A chemist, industrialist and archaeologist, Sir Robert Ludwig Mond followed the motto: “Make yourself necessary”.
Born to a famous chemist, Sir Robert Mond carried out research in his father’s firm which in 1926 was incorporated into Imperial Chemical Industries.
In the early 1900s, he was also among the number of influential people in the United Kingdom who wished to foster the cultural development of the British Empire, including Canada. He was a great supporter of education and funded hospitals, including the Hospital for Sick Children.
Many of the Egyptian artifacts brought to the Museum by Charles T. Currelly were from excavations funded by Sir Robert Mond. He funded Currelly’s early collecting work, continued to help after the Museum opened, and joined The Twenty Friends of the Arts, the ROM’s first donor group in 1917. He also donated his own artifacts from Egypt, Persia, China and Europe to the Museum.

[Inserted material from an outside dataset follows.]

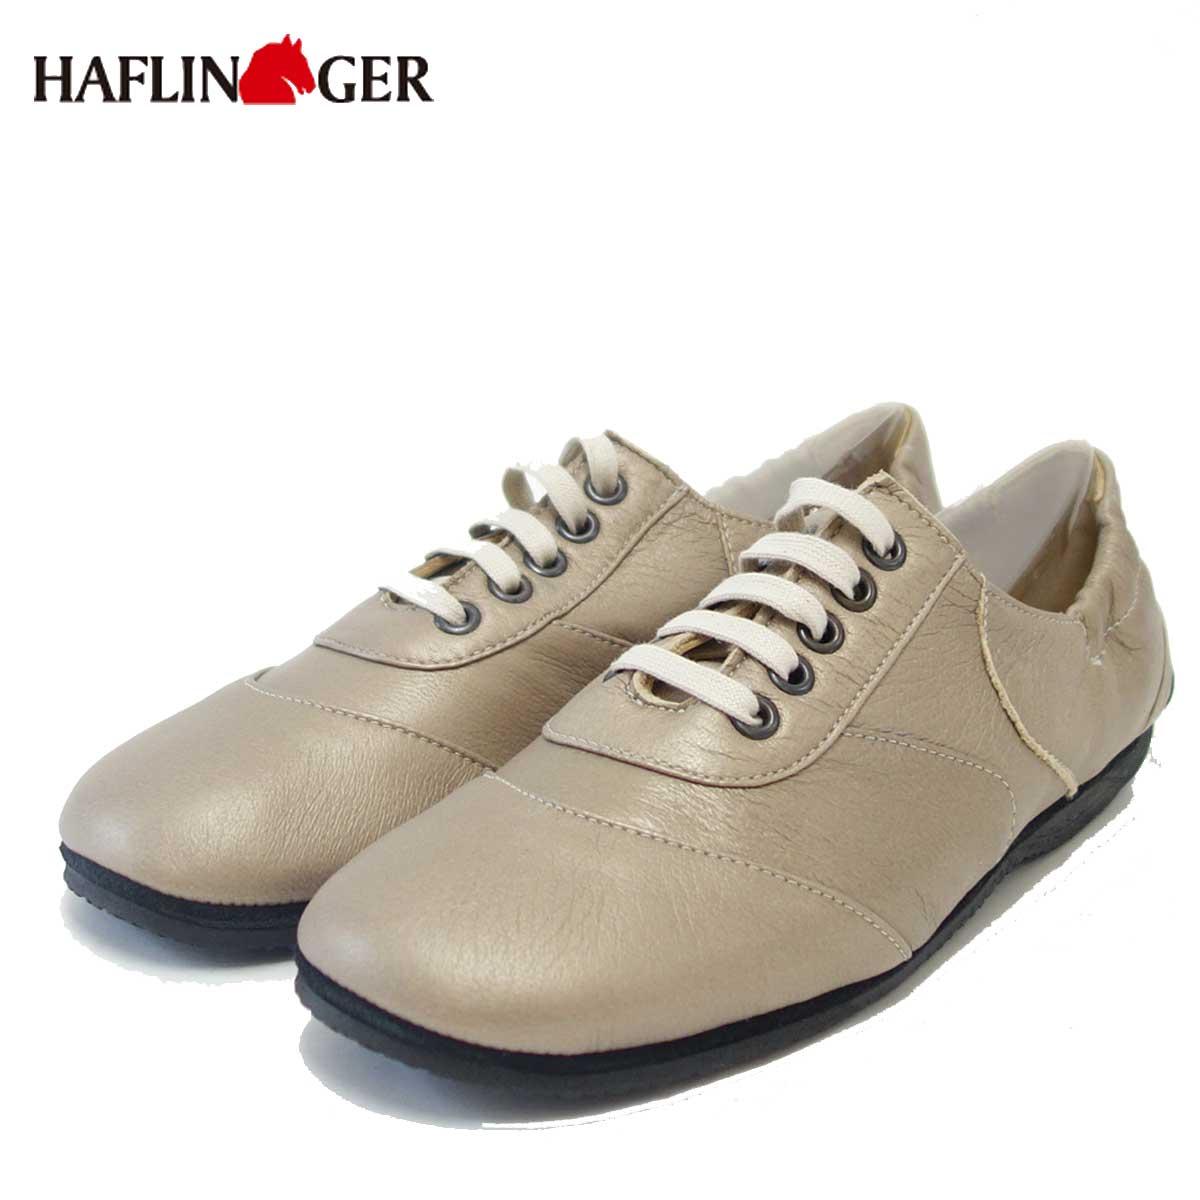 HAFLINGER ハフリンガー テイラー HL 45200205 チタン 「靴」

When a Chinese library of 40,000 volumes was offered for sale in Beijing in the early 1930s, Sir Robert Mond and three other donors generously purchased them for the ROM. Mond and another benefactor, Sigmund Samuel, then funded an addition to the ROM to house the new library. It opened in 1937.
In 1934, the University of Toronto recognized Sir Robert Mond’s extraordinary contribution by conferring on him an honourary doctorate.